Idea
A semi-supervised parking slot detection platform using large-scale real-world data to enhance autonomous parking system accuracy.
Research Paper
Core Innovation
This paper presents CRPS-D, the largest and most diverse parking slot detection dataset capturing real-world noise and varied conditions. It also proposes SS-PSD, the first semi-supervised parking slot detection model that improves performance by exploiting unlabeled data through a teacher-student framework with confidence-guided mask consistency and adaptive feature perturbation.
Market Size (TAM)
$10–20B TAM for autonomous vehicle perception systems; $2–10B SAM from automotive OEMs and smart parking solution providers. Driven by increasing adoption of autonomous parking and smart city infrastructure.

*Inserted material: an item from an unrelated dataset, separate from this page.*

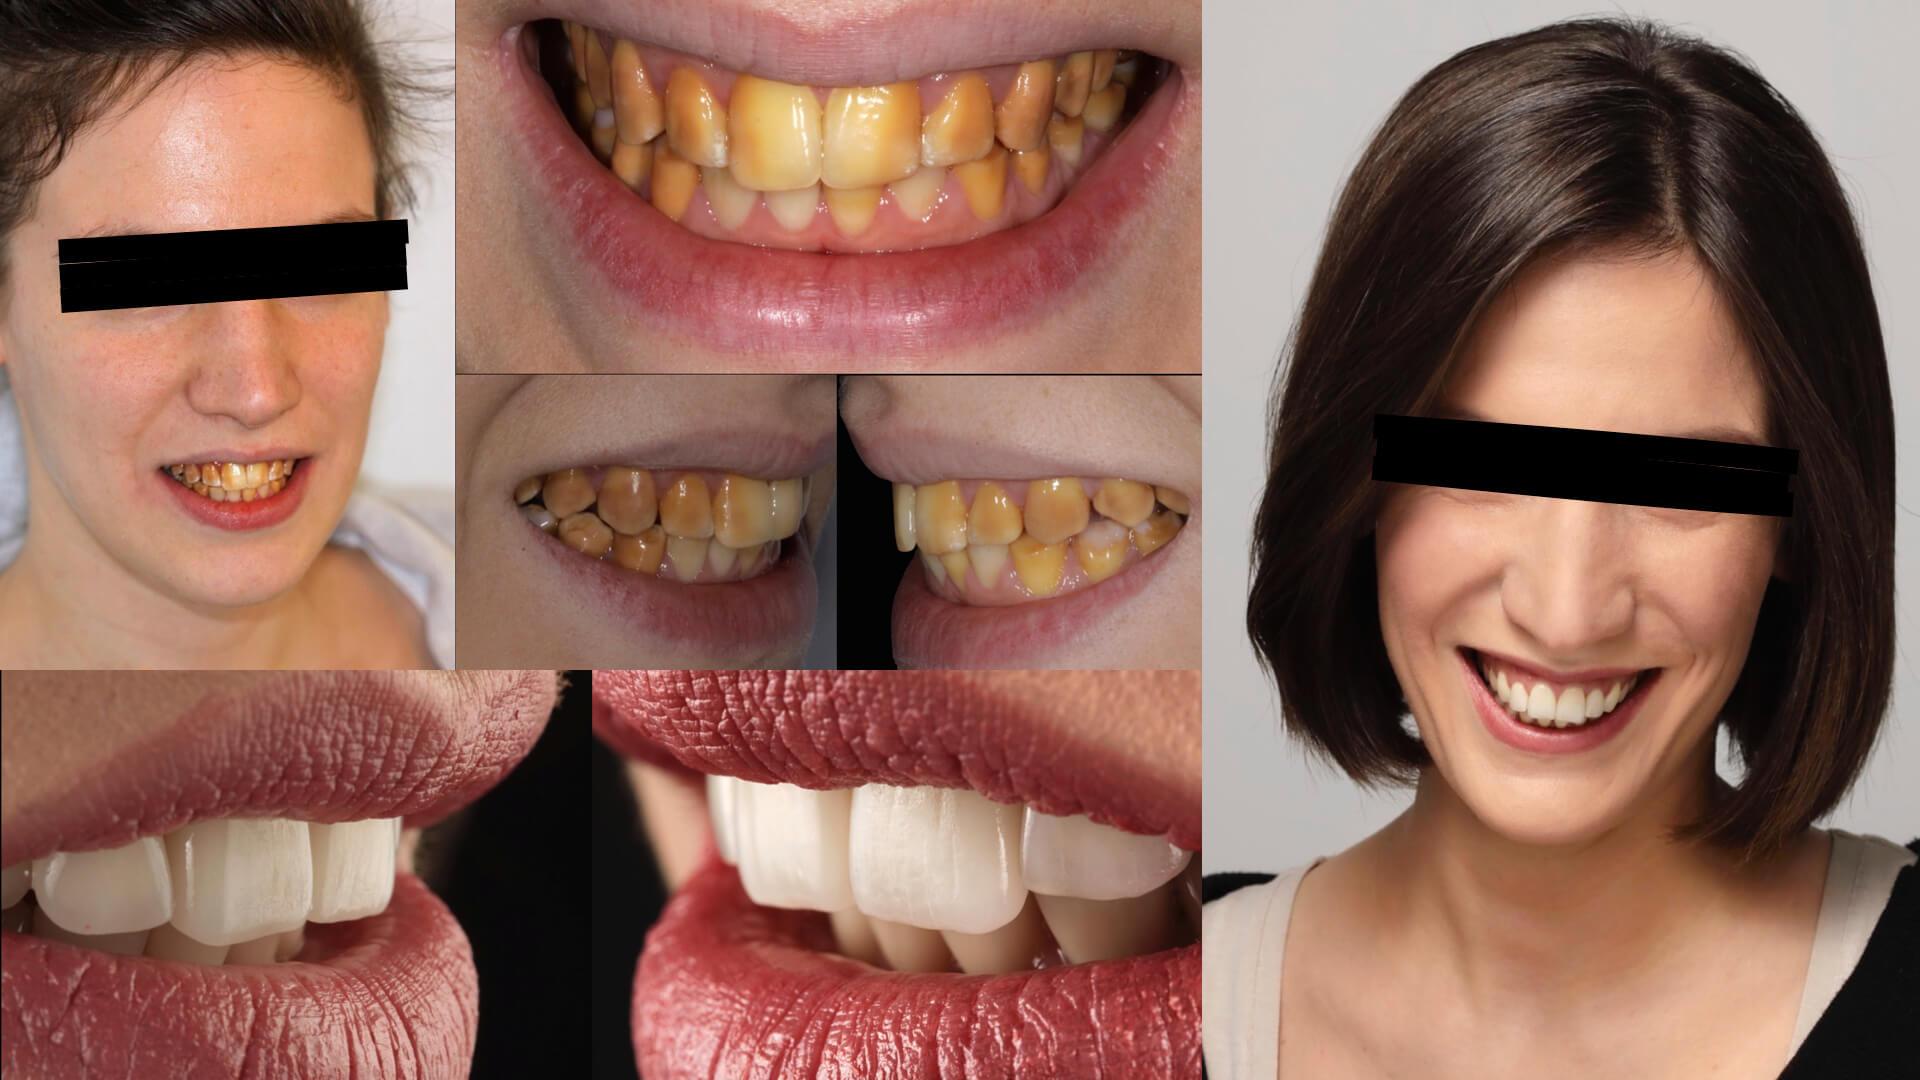 Prosthetic restoration in aesthetic Dentistry: winner case n°1 from Aiop International Prosthodontic Contest 2014

Potential Customers & Pain Points
- Automotive manufacturers developing autonomous parking systems
- Parking management companies needing accurate slot detection
- Smart city planners integrating parking solutions
- AI researchers requiring large-scale annotated datasets
- Autonomous vehicle software developers facing noisy real-world data challenges
Business Model
Open-source dataset and baseline model with licensing for commercial use; subscription or licensing fees for enhanced models and enterprise support; consulting for integration with automotive and smart city platforms.
Competitive Landscape
- Tesla Autopark
- Waymo Parking Solutions
- Mobileye Parking Detection
Implementation Challenges
- High cost and complexity of large-scale real-world data annotation
- Integration challenges with diverse vehicle sensor systems
- Robustness under extreme environmental conditions
Validation Strategy
- Benchmark SS-PSD against state-of-the-art models on CRPS-D and public datasets
- Pilot integration with automotive OEMs for real-world autonomous parking tests
- Collect feedback and iterate model improvements based on deployment data
Research Paper Overview
Advancing Real-World Parking Slot Detection with Large-Scale Dataset and Semi-Supervised Baseline
Summary
This study introduces CRPS-D, a large-scale parking slot detection dataset with diverse real-world conditions and a semi-supervised baseline model SS-PSD that leverages unlabeled data to improve detection accuracy. The approach uses a teacher-student framework with confidence-guided mask consistency and adaptive feature perturbation, outperforming existing methods on multiple datasets. The dataset and code are publicly available.